__INFORMATION SHOWN__.
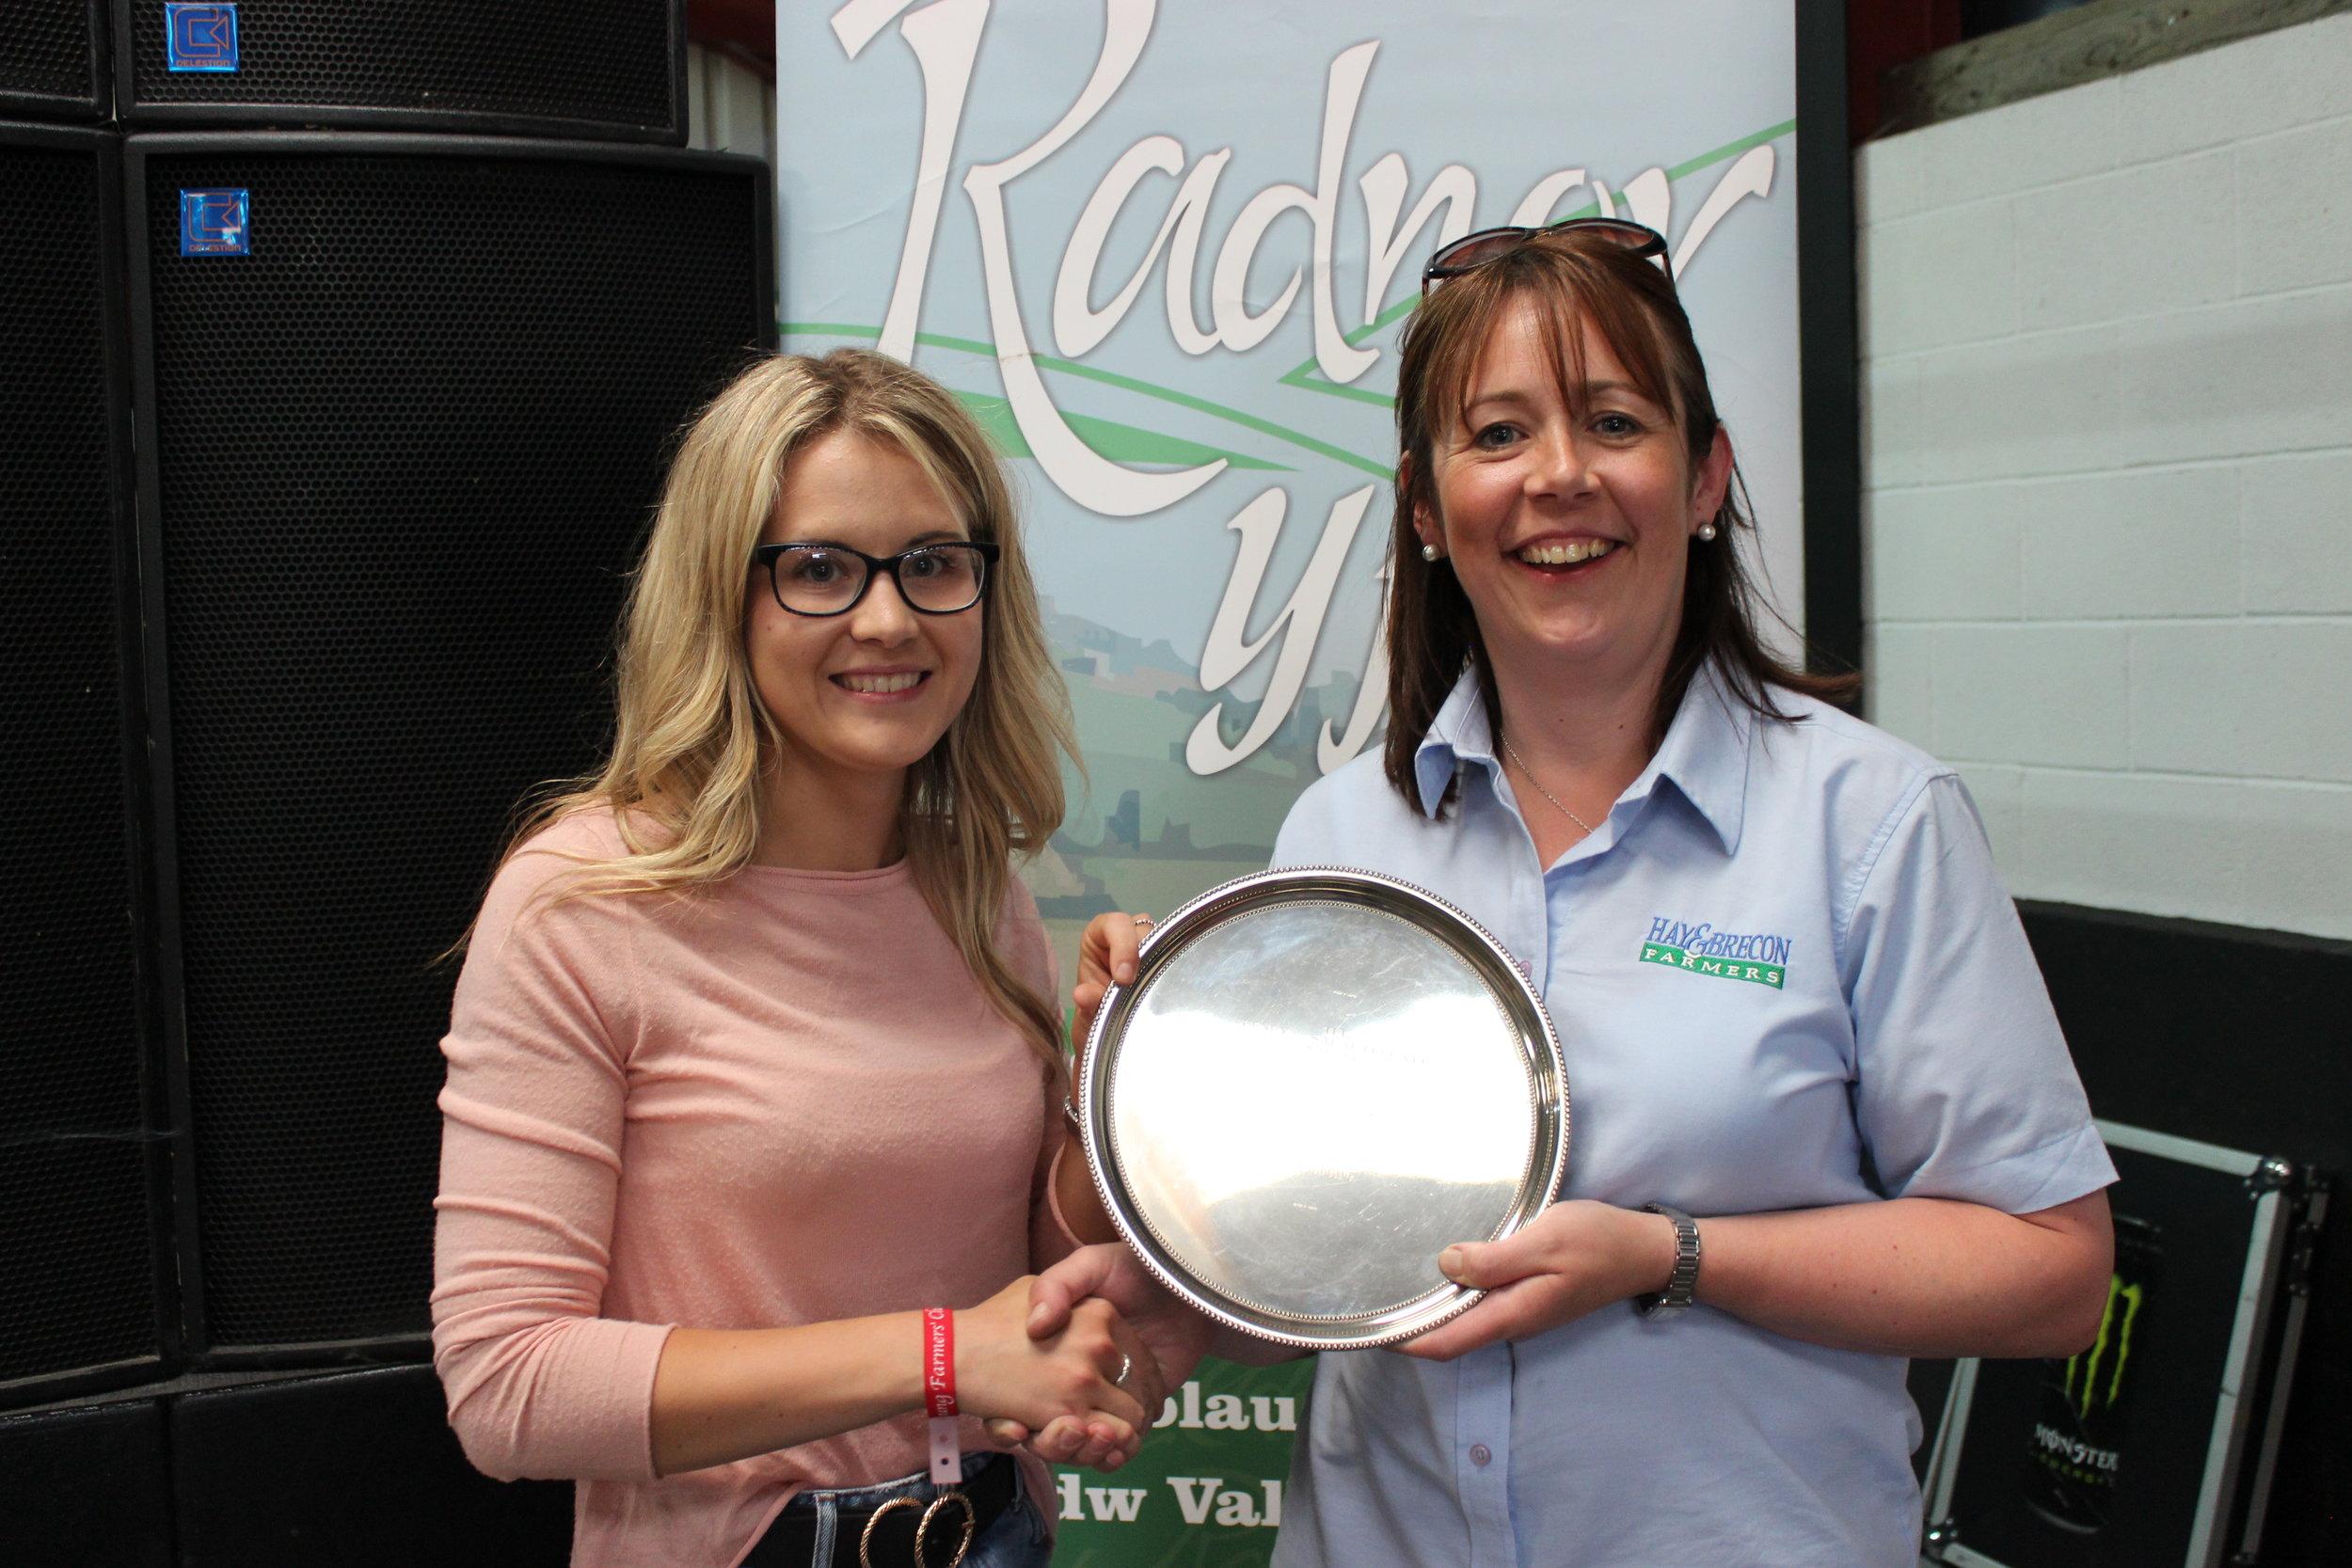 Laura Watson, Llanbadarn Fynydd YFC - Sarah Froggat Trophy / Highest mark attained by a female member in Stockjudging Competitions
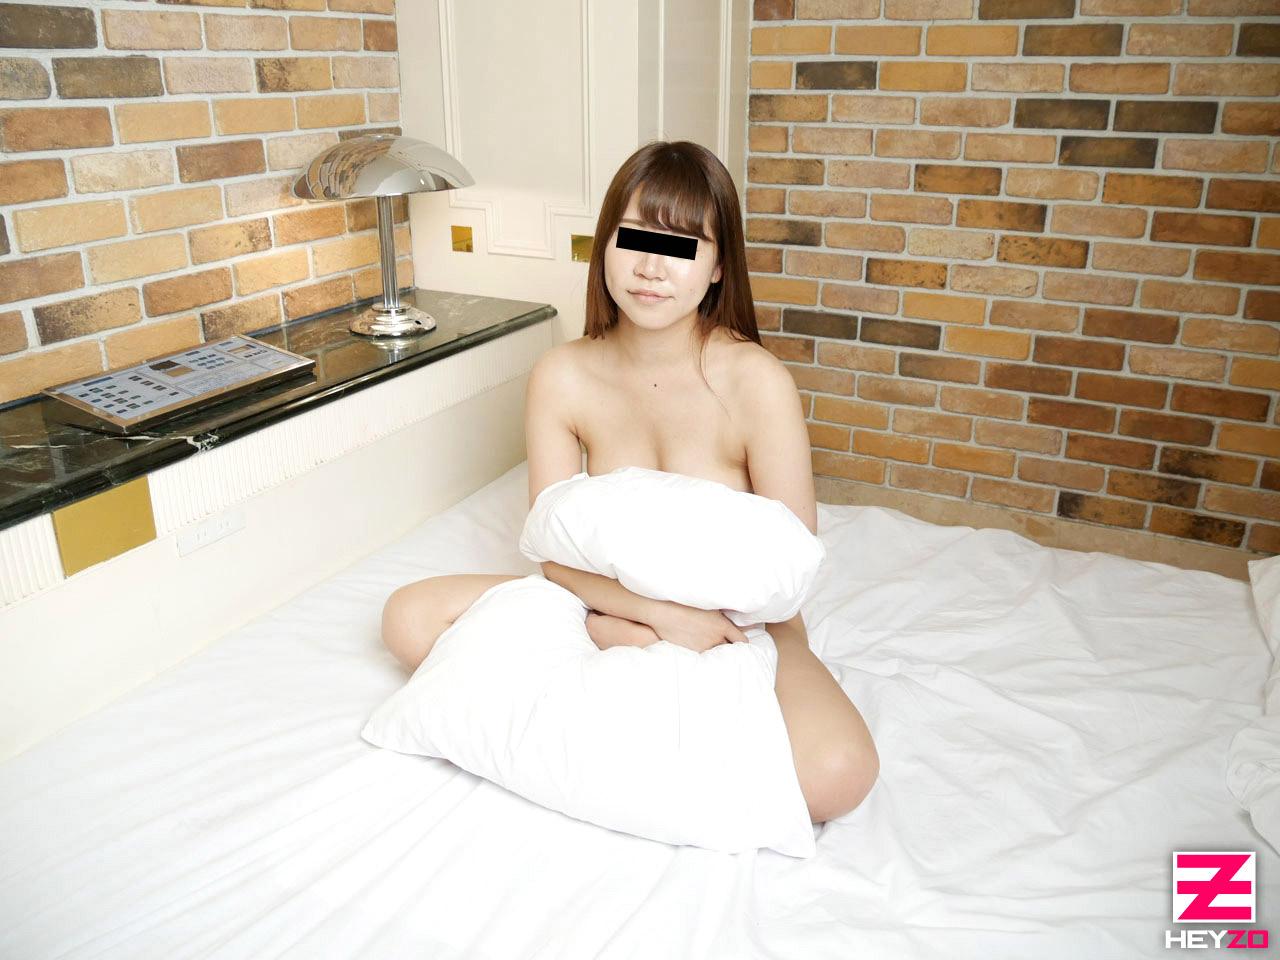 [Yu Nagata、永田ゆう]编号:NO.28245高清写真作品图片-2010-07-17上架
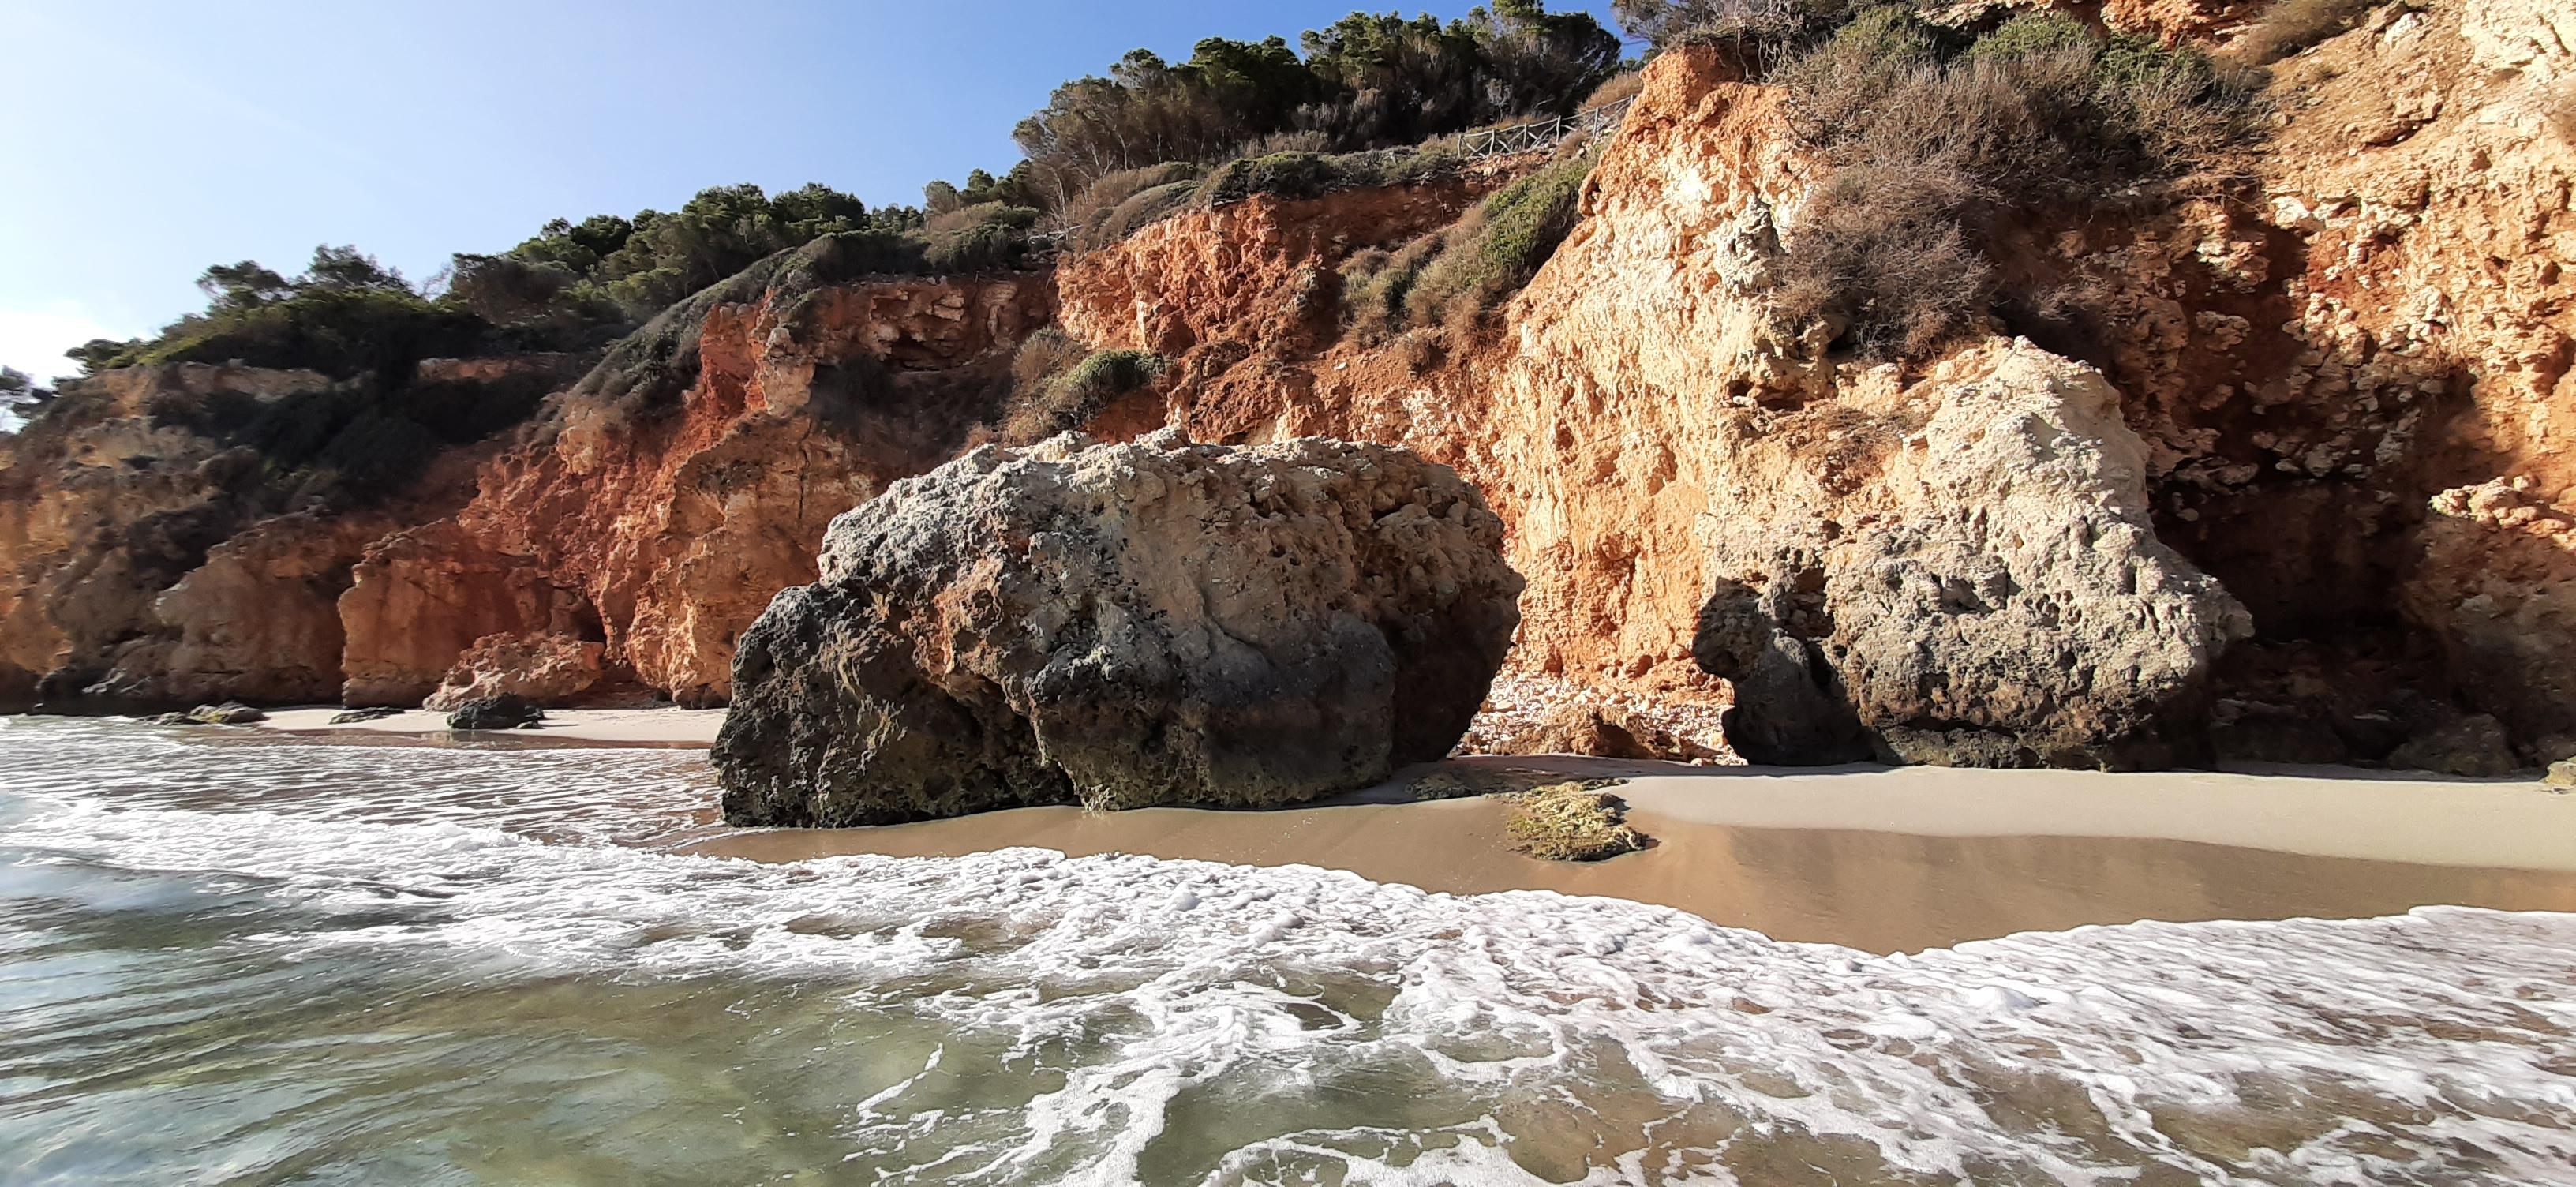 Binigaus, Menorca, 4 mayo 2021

__TRY IT__.
Once more, please print the whole listing exactly, omitting each image.

__ANSWER SPACE__.
 Laura Watson, Llanbadarn Fynydd YFC - Sarah Froggat Trophy / Highest mark attained by a female member in Stockjudging Competitions
 [Yu Nagata、永田ゆう]编号:NO.28245高清写真作品图片-2010-07-17上架
 Binigaus, Menorca, 4 mayo 2021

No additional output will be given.